You can find the code for evaluating and profiling the benchmark matching task in the EntityMatchingTaskProfiler github repository. Please use the Jupyter notebook MatchingTaskProfiler.ipynb and activate the flag parameters summaryFeatures for basic data set related statistics, baselineResults for getting the SVM and RF baseline results and profilingFeatures for task related statistics including our profiling dimensions. You can find more details on the task-related profiling dimensions and their calculation in our paper.

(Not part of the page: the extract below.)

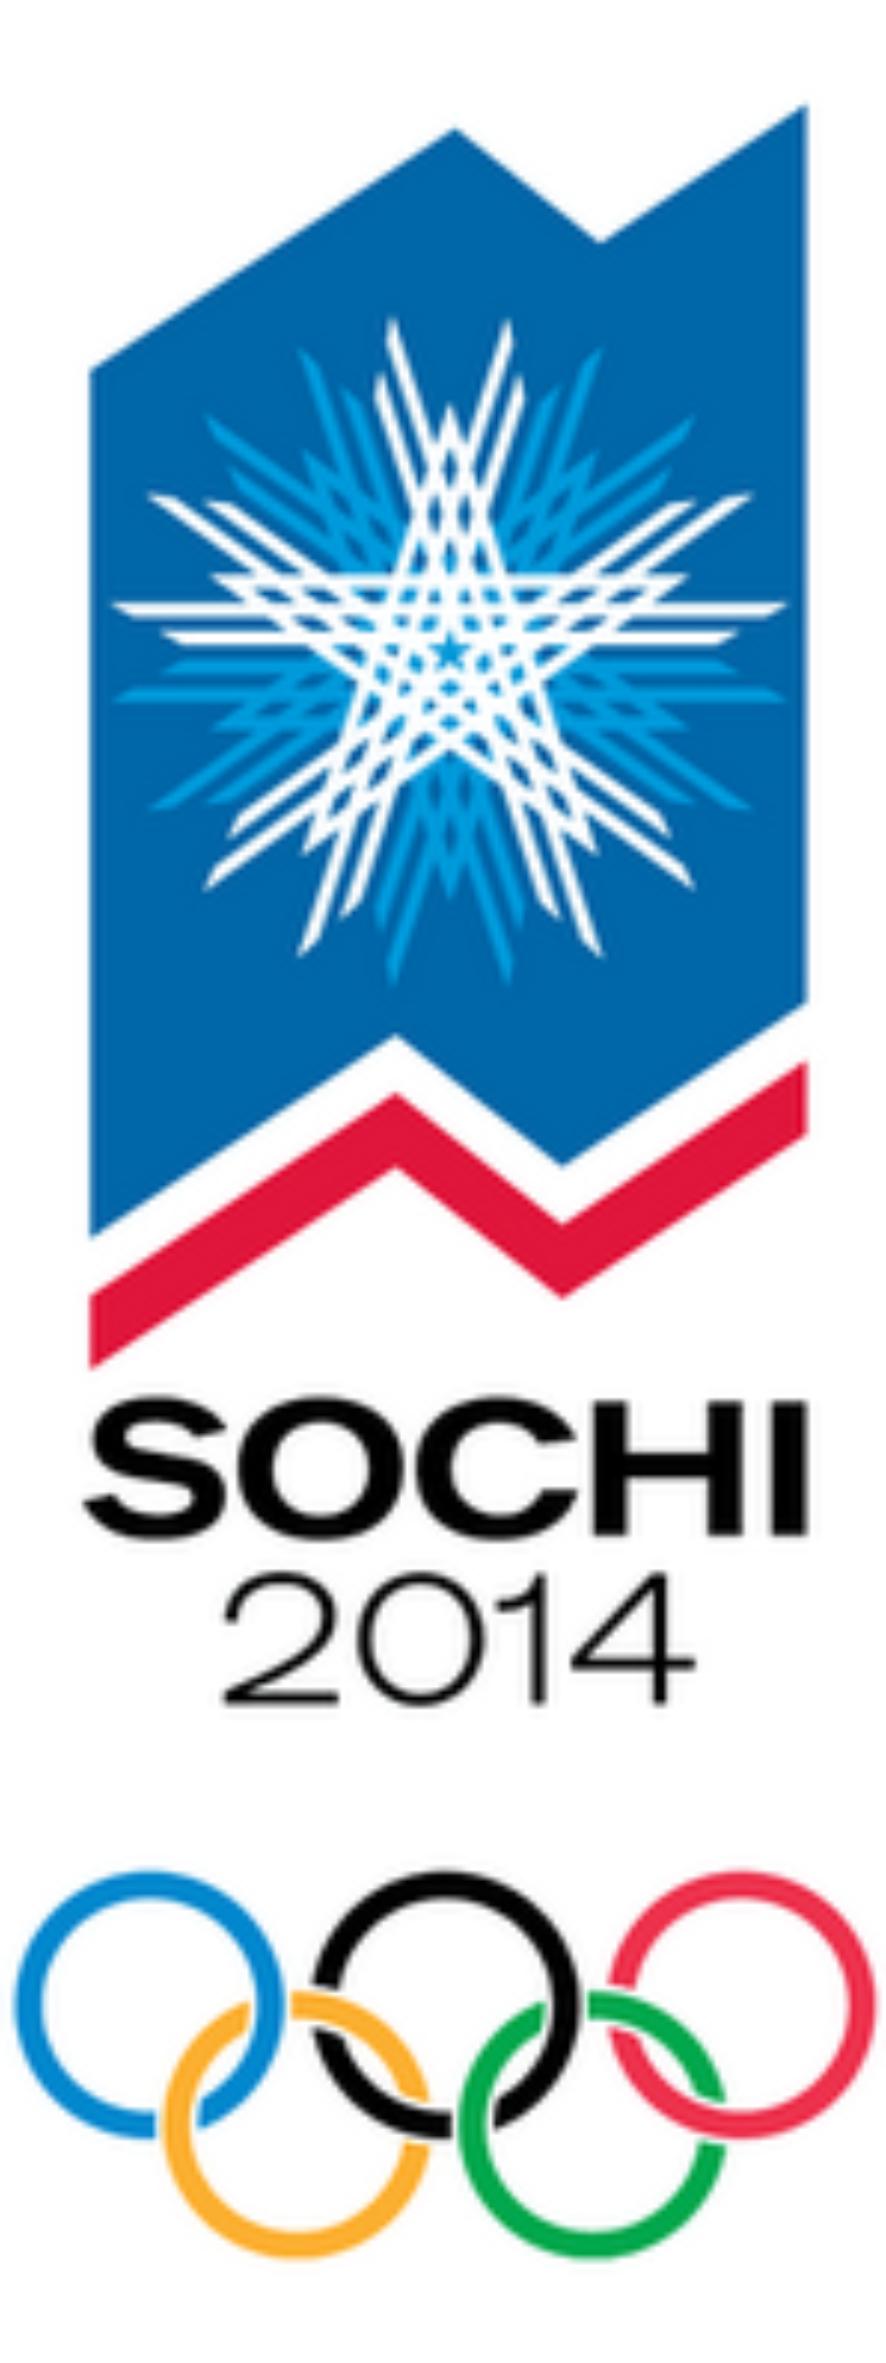 Около 800 саратовцев желают трудоустроиться в Сочи на период подготовки и проведения зимних Олимпийских игр

4. Baseline Matching Results

Matching Task SVM Random Forest
P R F1 P R F1
abt-buy 0.96 0.71 0.81 0.95 0.77 0.85
amazon-google 0.79 0.73 0.76 0.82 0.76 0.79
dblp-acm 1.00 1.00 1.00 1.00 1.00 1.00
dblp-scholar 0.99 0.99 0.99 0.99 0.99 0.99
restaurants (Fodors-Zagats) 1.00 0.91 0.95 1.00 1.00 1.00
products (Walmart-Amazon) 0.97 0.87 0.92 0.93 0.89 0.93
wdc_phones 0.85 0.88 0.86 0.85 0.88 0.86
wdc_headphones 0.89 0.77 0.83 0.95 0.82 0.88
wdc_tvs 0.93 0.78 0.85 0.94 0.89 0.91
wdc_xlarge_cameras 0.71 0.61 0.65 0.75 0.67 0.71
wdc_xlarge_watches 0.86 0.71 0.78 0.82 0.73 0.81
wdc_xlarge_computers 0.74 0.67 0.70 0.78 0.78 0.78
wdc_xlarge_shoes 0.83 0.43 0.57 0.82 0.38 0.52
baby products 0.70 0.64 0.67 0.68 0.55 0.63
beer 1.00 0.86 0.92 1.00 1.00 1.00
bikes 0.92 0.92 0.92 0.92 0.92 0.92
books (Goodreads-Barnes) 0.80 0.89 0.84 0.73 0.89 0.80
cosmetics 1.00 0.77 0.87 0.90 0.69 0.78
music (iTunes-Amazon) 1.00 1.00 1.00 1.00 1.00 1.00
restaurants (Yellow-Yelp) 1.00 1.00 1.00 1.00 1.00 1.00

5. References

  1. Köpcke, H. et al.: Evaluation of entity resolution approaches on real-world match problems. Proceedings of the VLDB Endowment. 3, 1–2, 484–493 (2010).
  2. Konda, P. et al.: Magellan: Toward building entity matching management systems. Proceedings of the VLDB Endowment. 9, 12, 1197–1208 (2016).
  3. Petrovski, Petar, et al. The WDC gold standards for product feature extraction and product matching. International Conference on Electronic Commerce and Web Technologies. Springer, Cham, 2016.
  4. Primpeli, A. et al.: The WDC Training Dataset and Gold Standard for Large-Scale Product Matching. In: Companion Proceedings of The 2019 World Wide Web Conference on - WWW ’19. pp. 381–386 ACM Press, San Francisco, USA (2019).
  5. Draisbach, U. and Naumann, F.: DuDe: The Duplicate Detection Toolkit.In: QDB Workshop 2010.